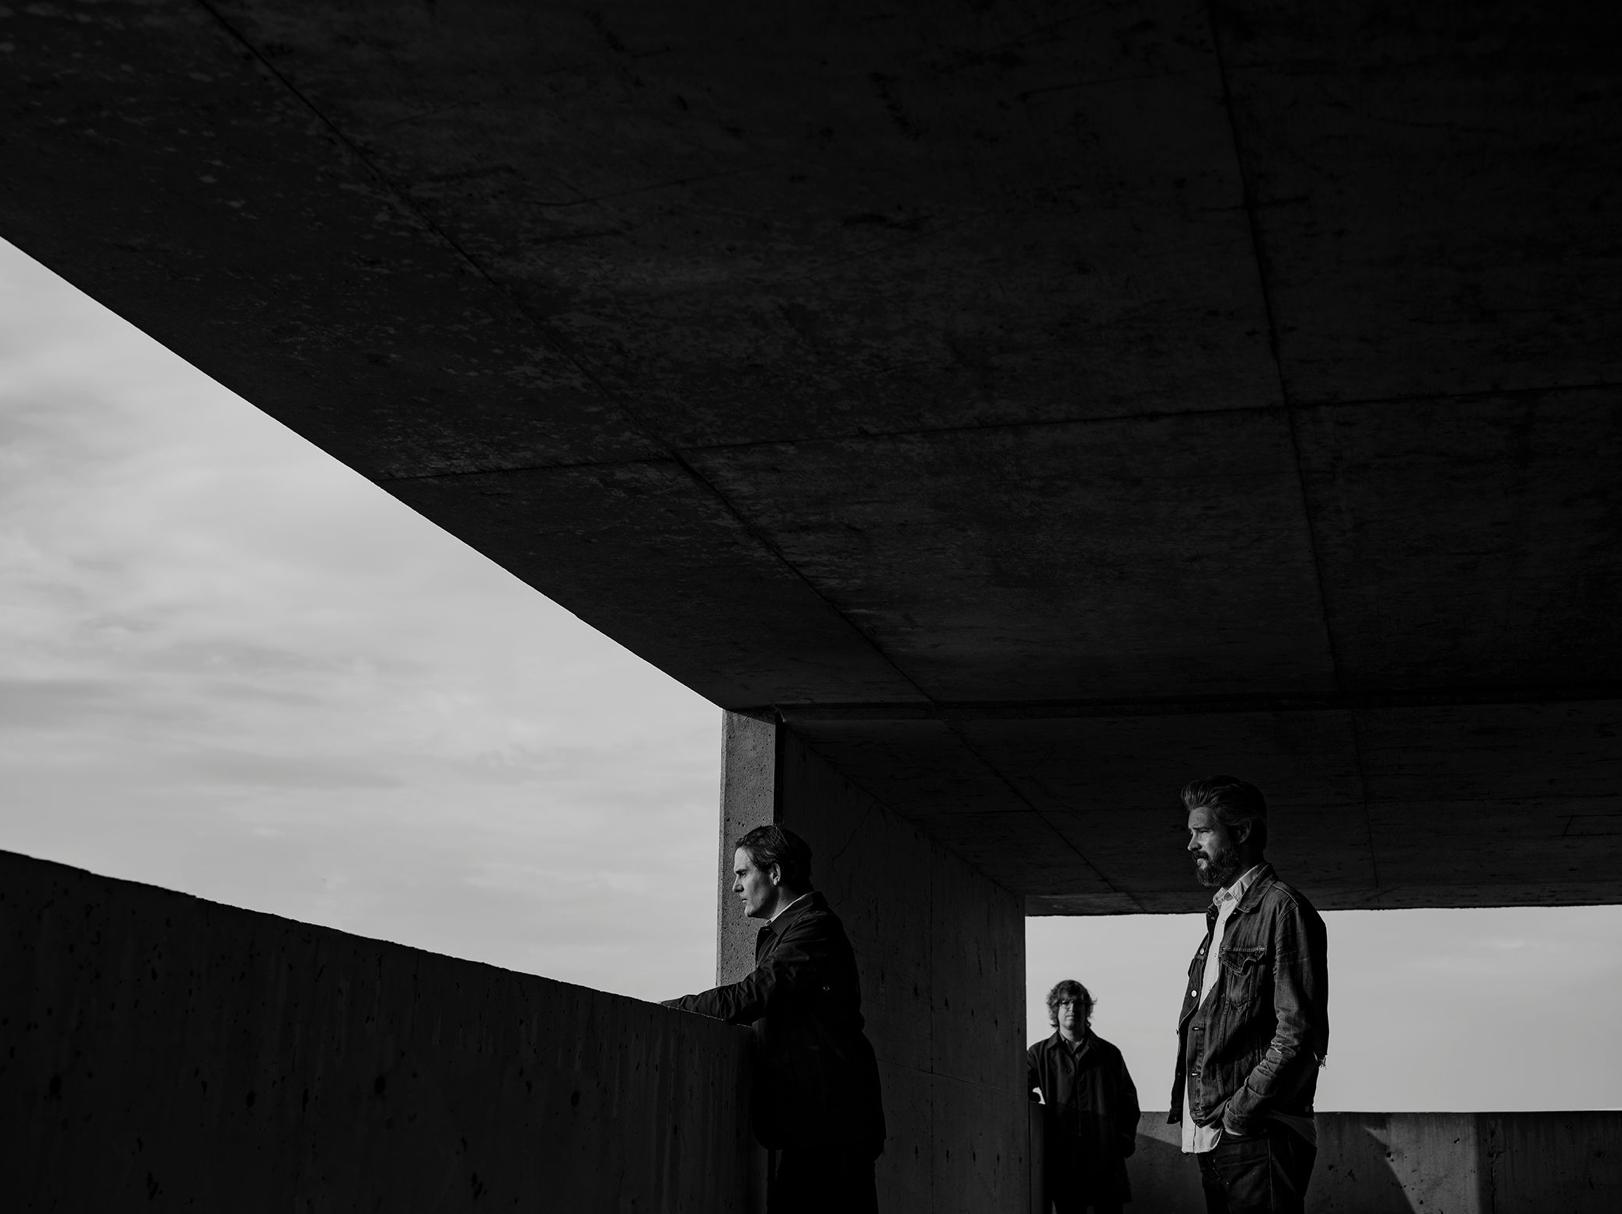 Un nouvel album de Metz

* * *

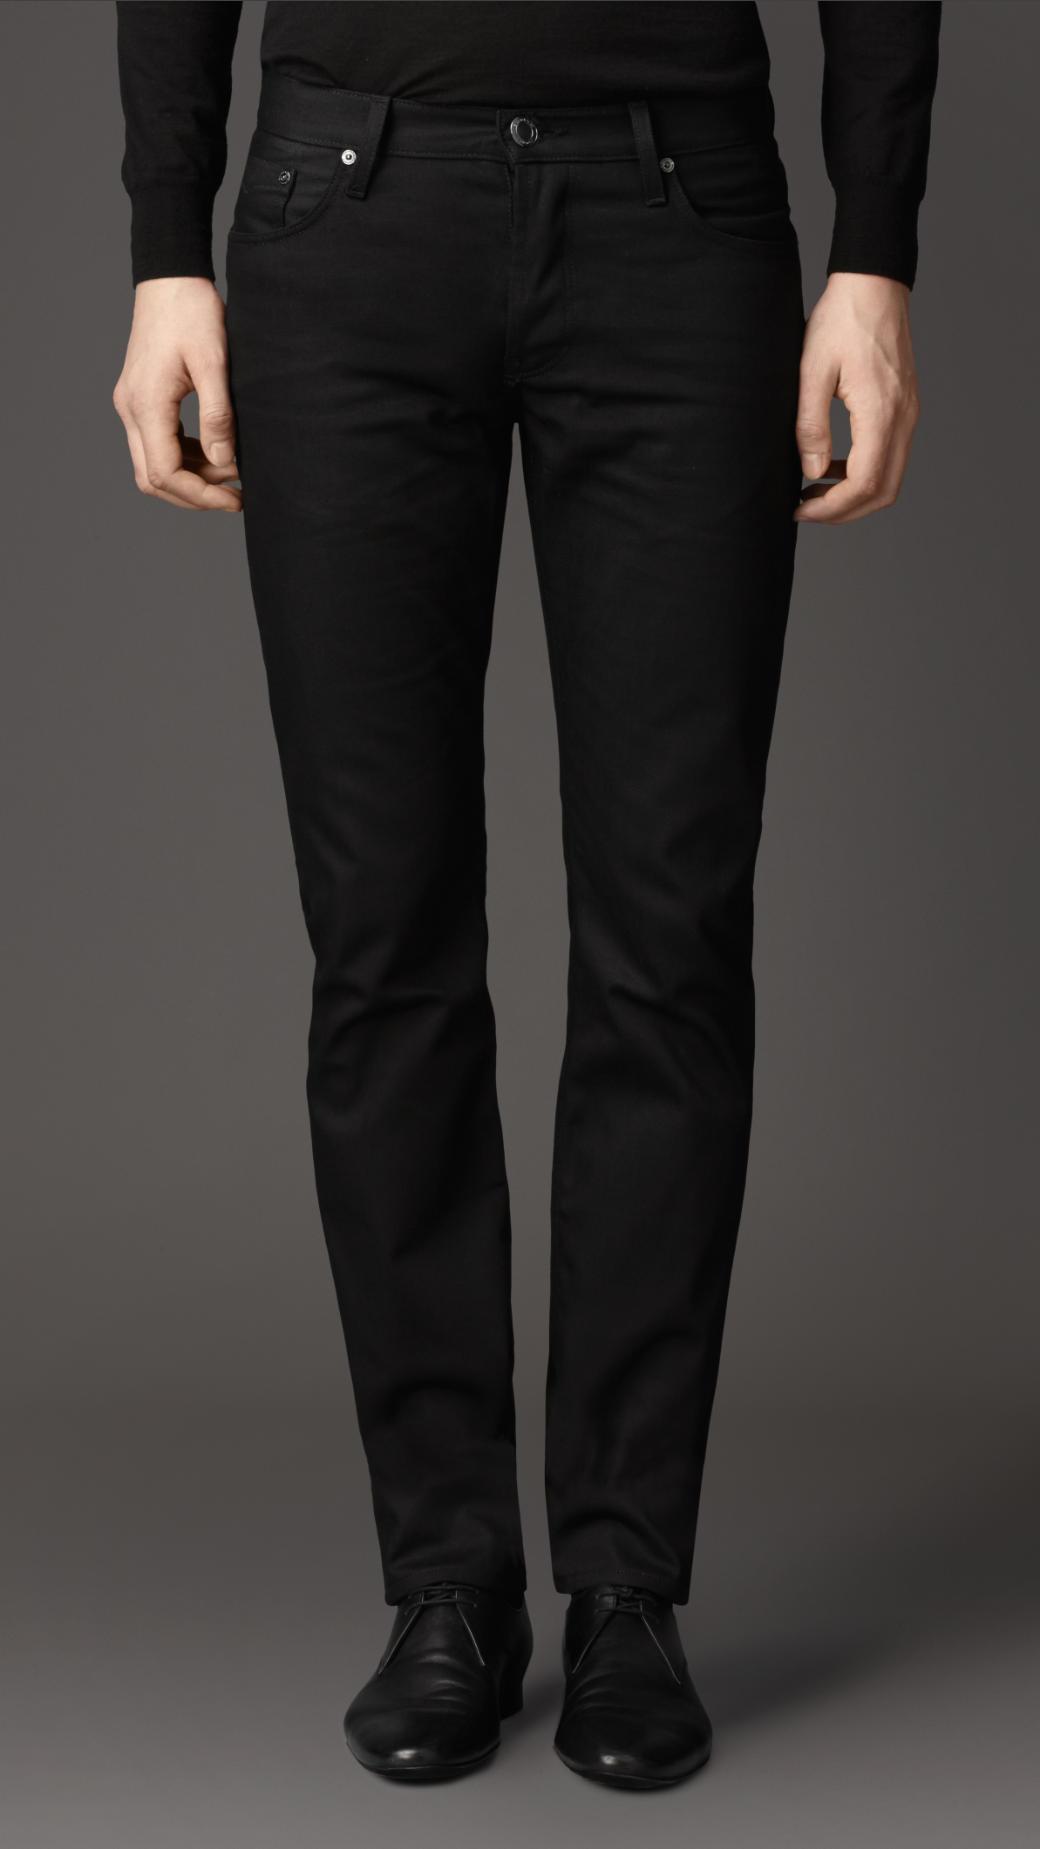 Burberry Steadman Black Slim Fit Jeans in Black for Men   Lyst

* * *

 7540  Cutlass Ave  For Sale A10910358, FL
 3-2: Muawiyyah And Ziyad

Exercise directions. Copy out, word for word, the part of the entries above that begins at the line with "Sale A10910358, FL" and ends at the line with "3-2: Muawiyyah And Ziyad", including both.

Reply to the exercise.
 7540  Cutlass Ave  For Sale A10910358, FL
 3-2: Muawiyyah And Ziyad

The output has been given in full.